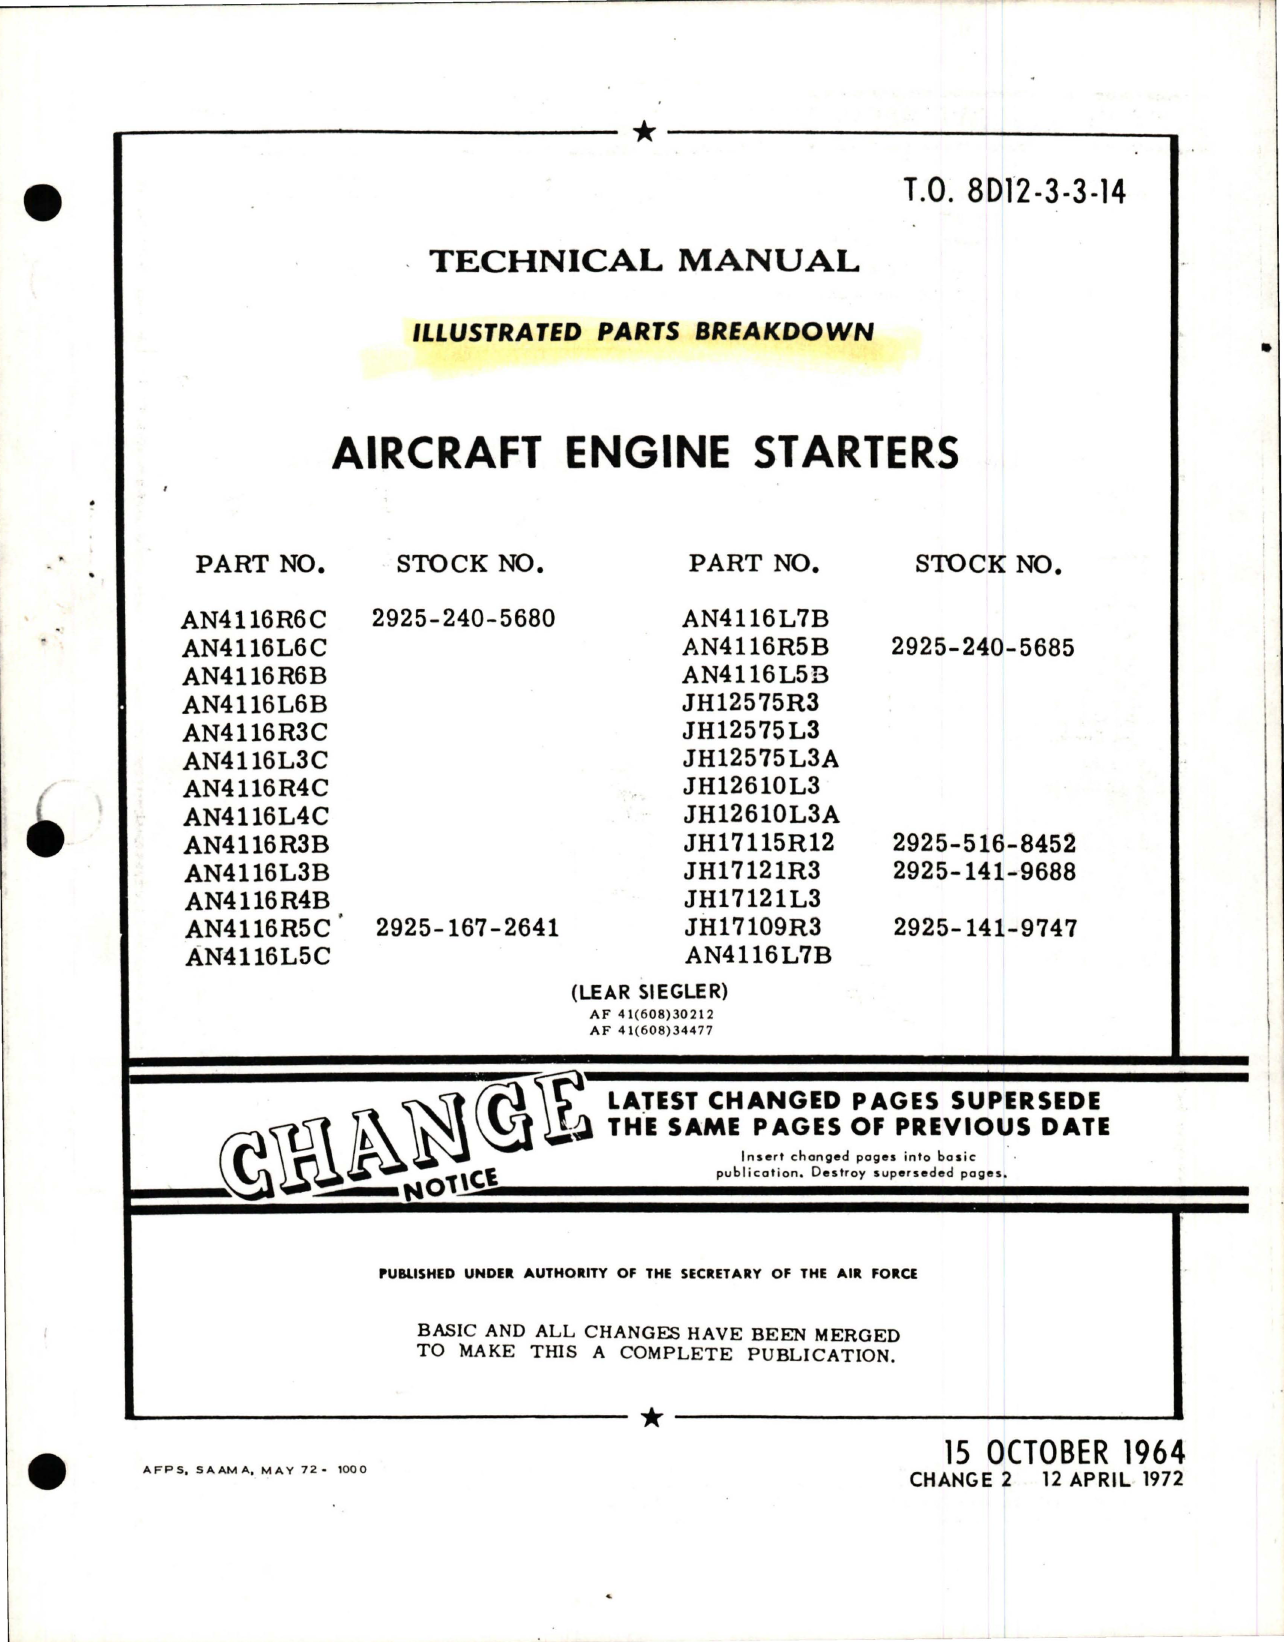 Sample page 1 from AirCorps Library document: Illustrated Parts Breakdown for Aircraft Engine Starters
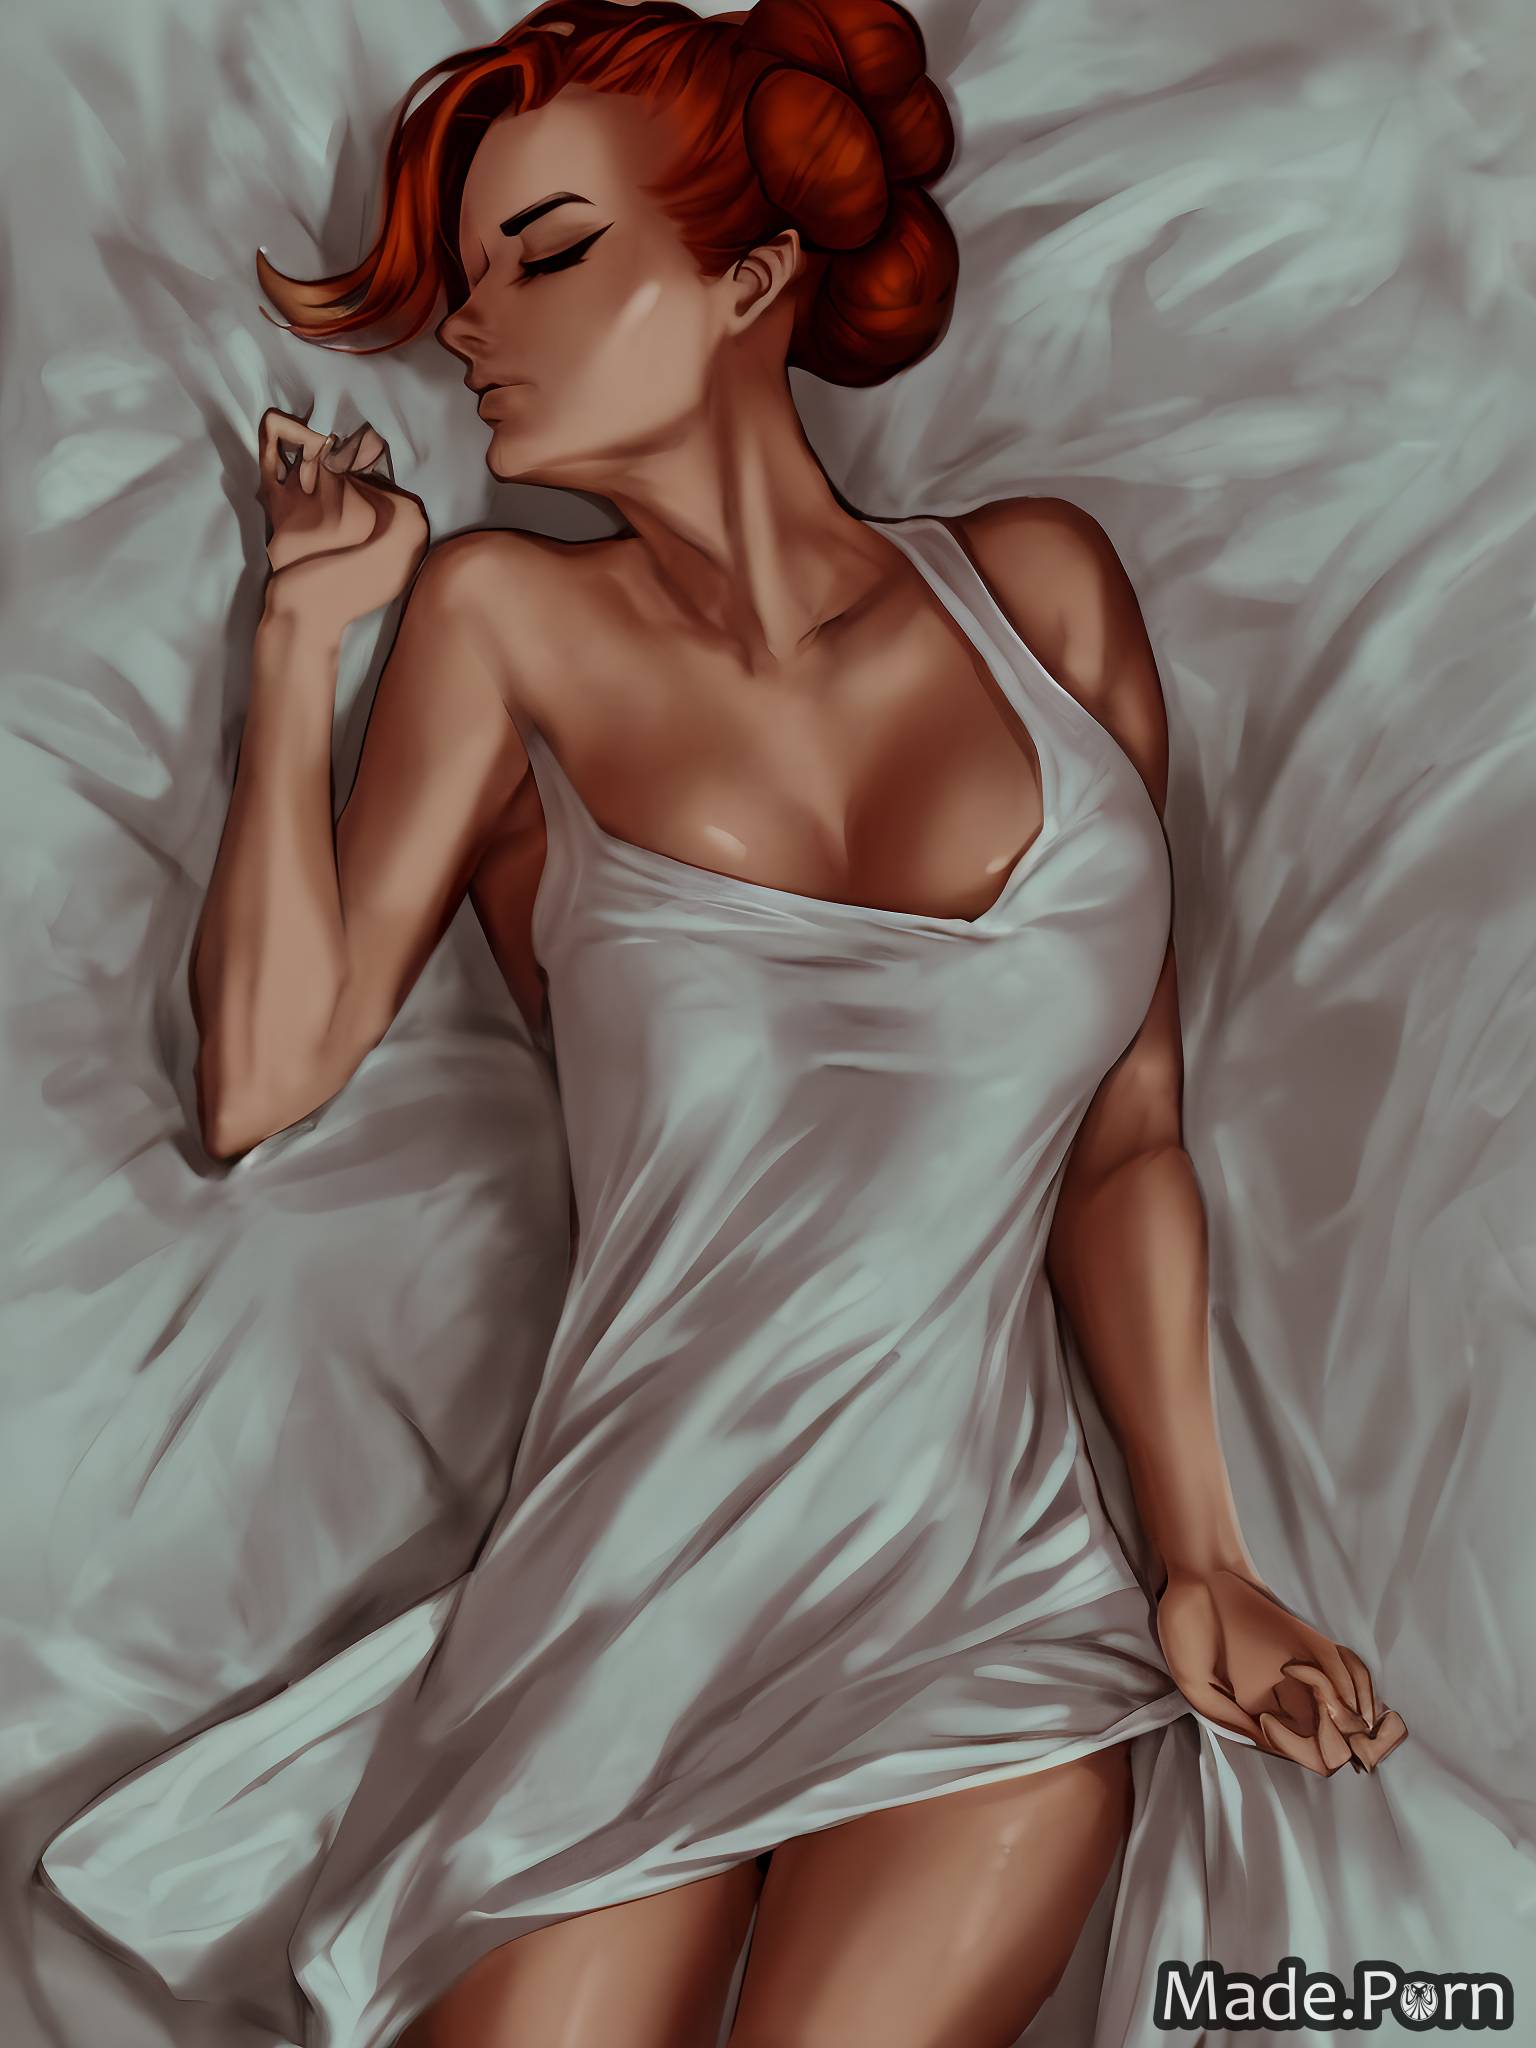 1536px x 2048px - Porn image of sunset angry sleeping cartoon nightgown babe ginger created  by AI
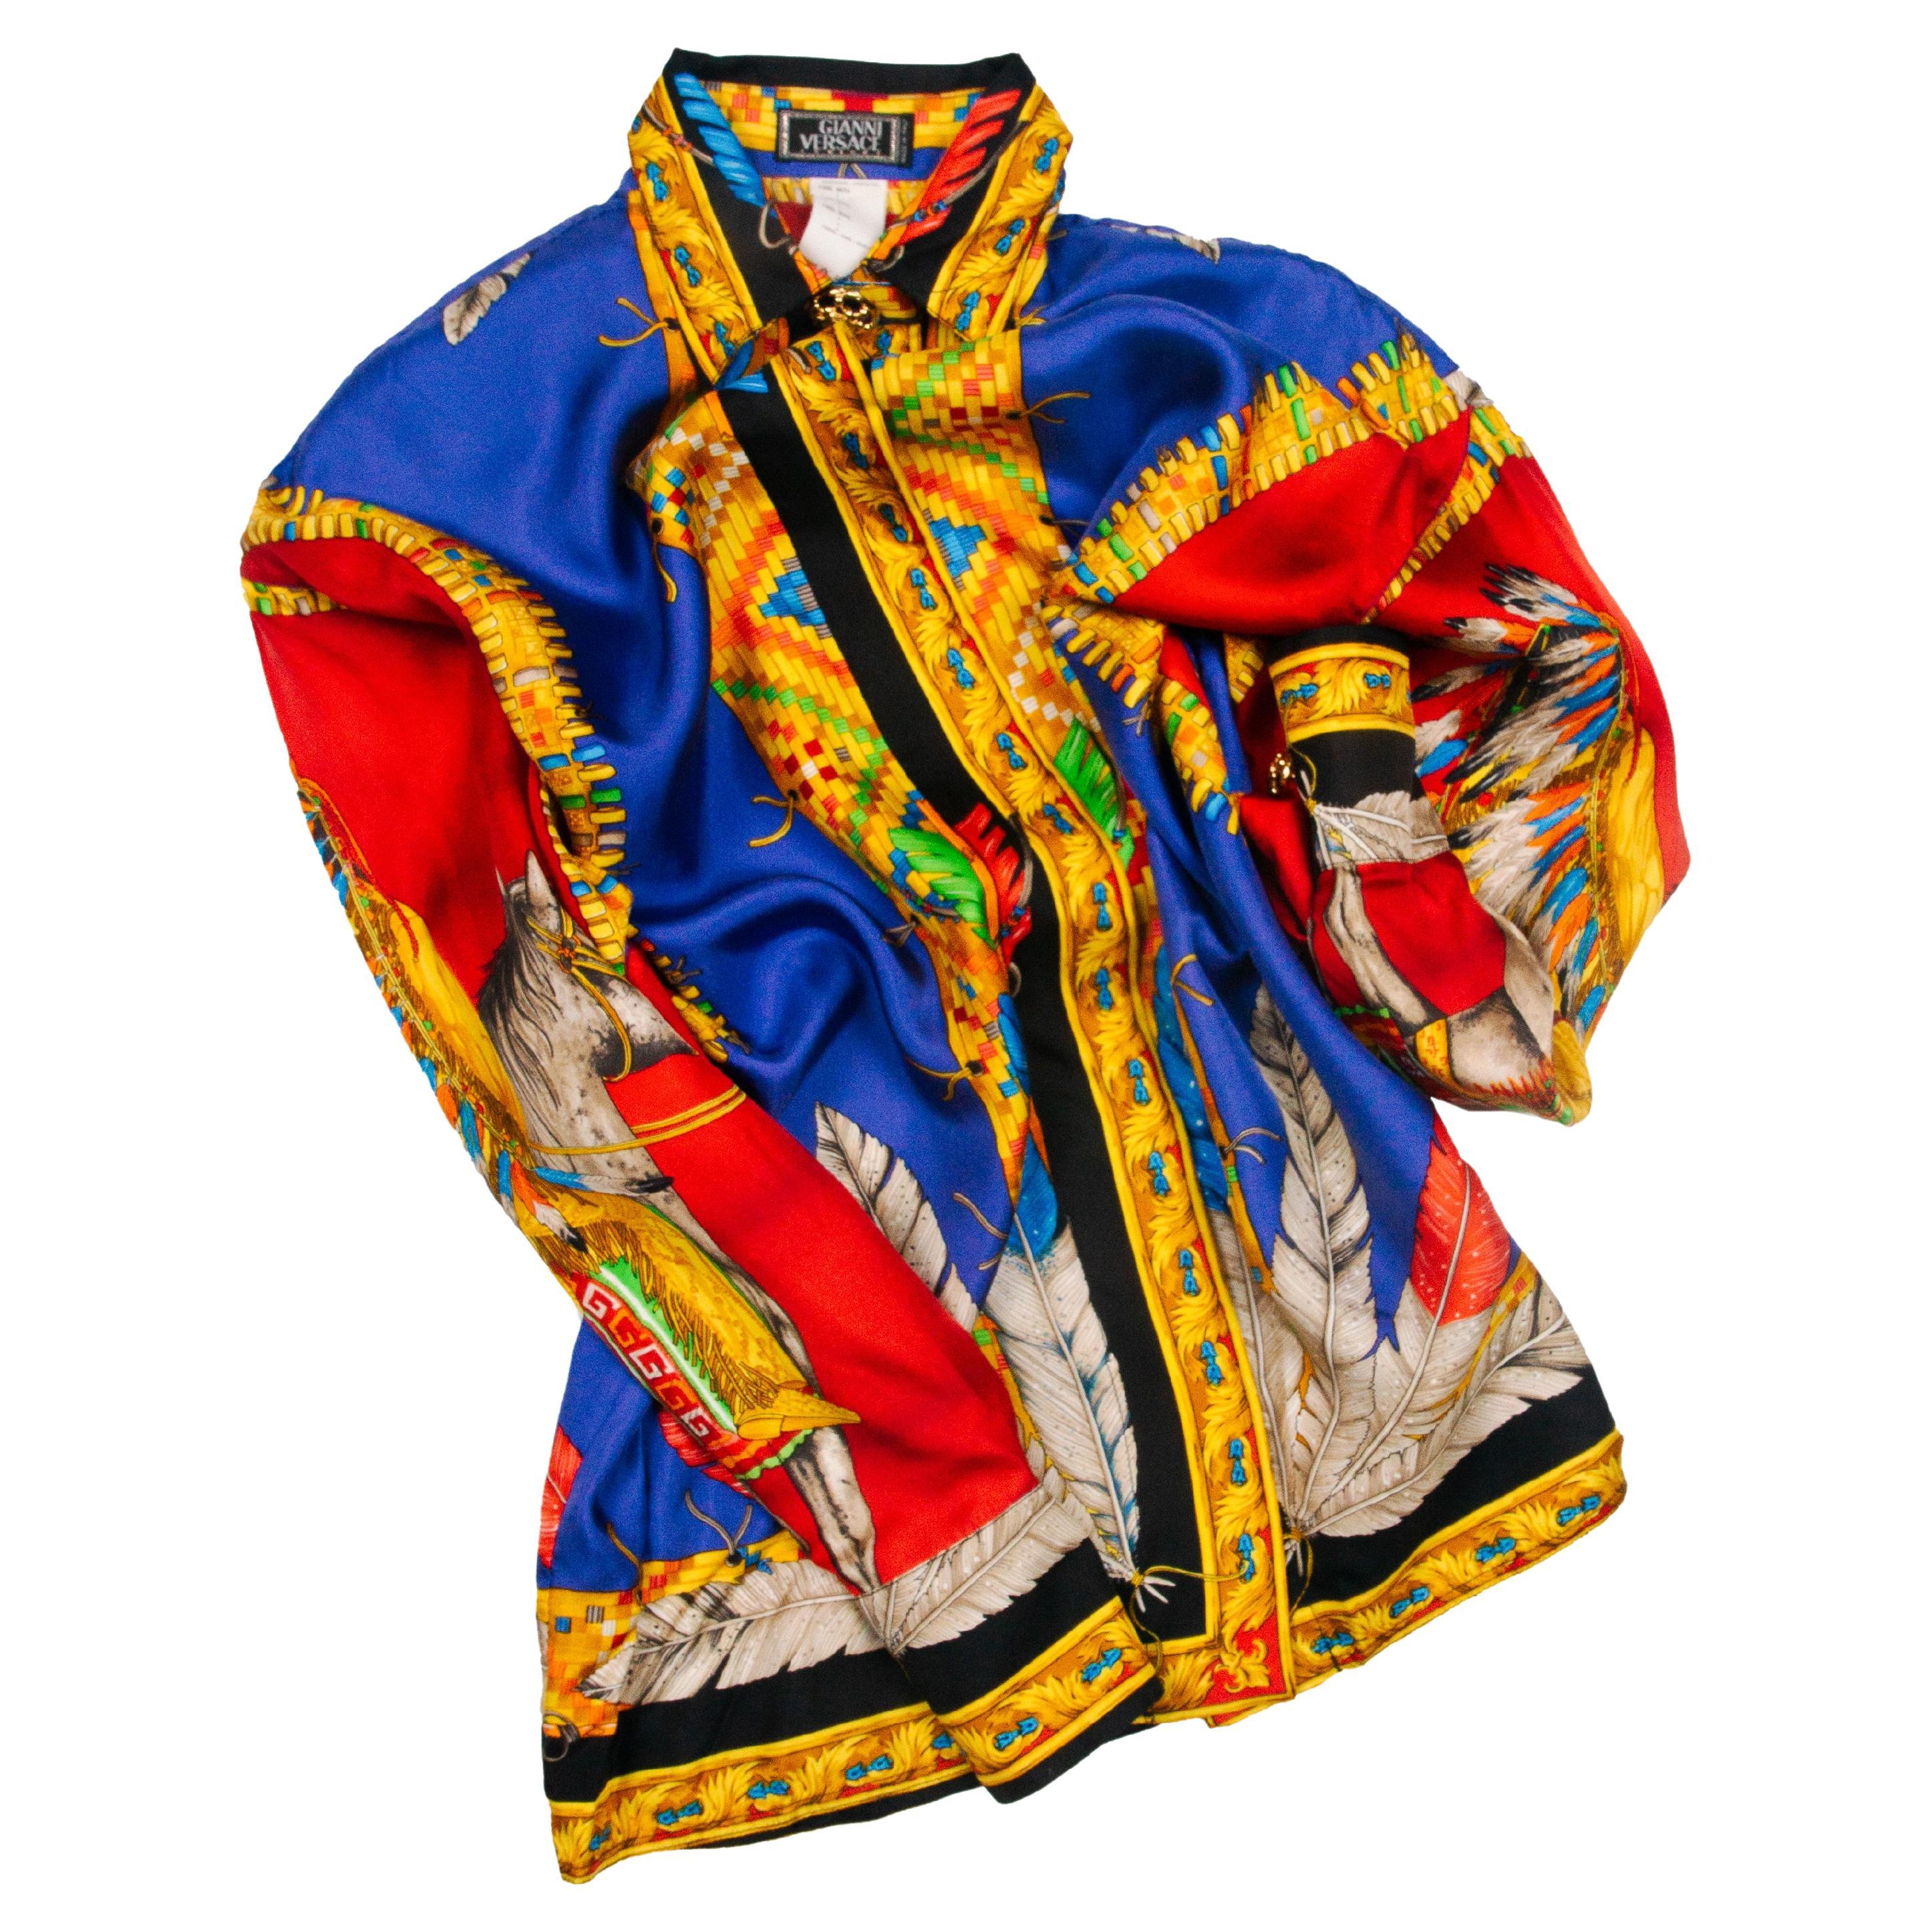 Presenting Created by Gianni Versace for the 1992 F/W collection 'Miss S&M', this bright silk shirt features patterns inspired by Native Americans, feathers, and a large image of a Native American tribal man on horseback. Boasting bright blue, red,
◇ ◇ ◇ ◇
### ASSIGNED TASK
Would you copy out all the data exactly, without the images?

### EXPECTED ANSWER
 Sample page 1 from AirCorps Library document: Illustrated Parts Breakdown for Aircraft Engine Starters
 1536px x 2048px - Porn image of sunset angry sleeping cartoon nightgown babe ginger created  by AI
 Presenting Created by Gianni Versace for the 1992 F/W collection 'Miss S&M', this bright silk shirt features patterns inspired by Native Americans, feathers, and a large image of a Native American tribal man on horseback. Boasting bright blue, red,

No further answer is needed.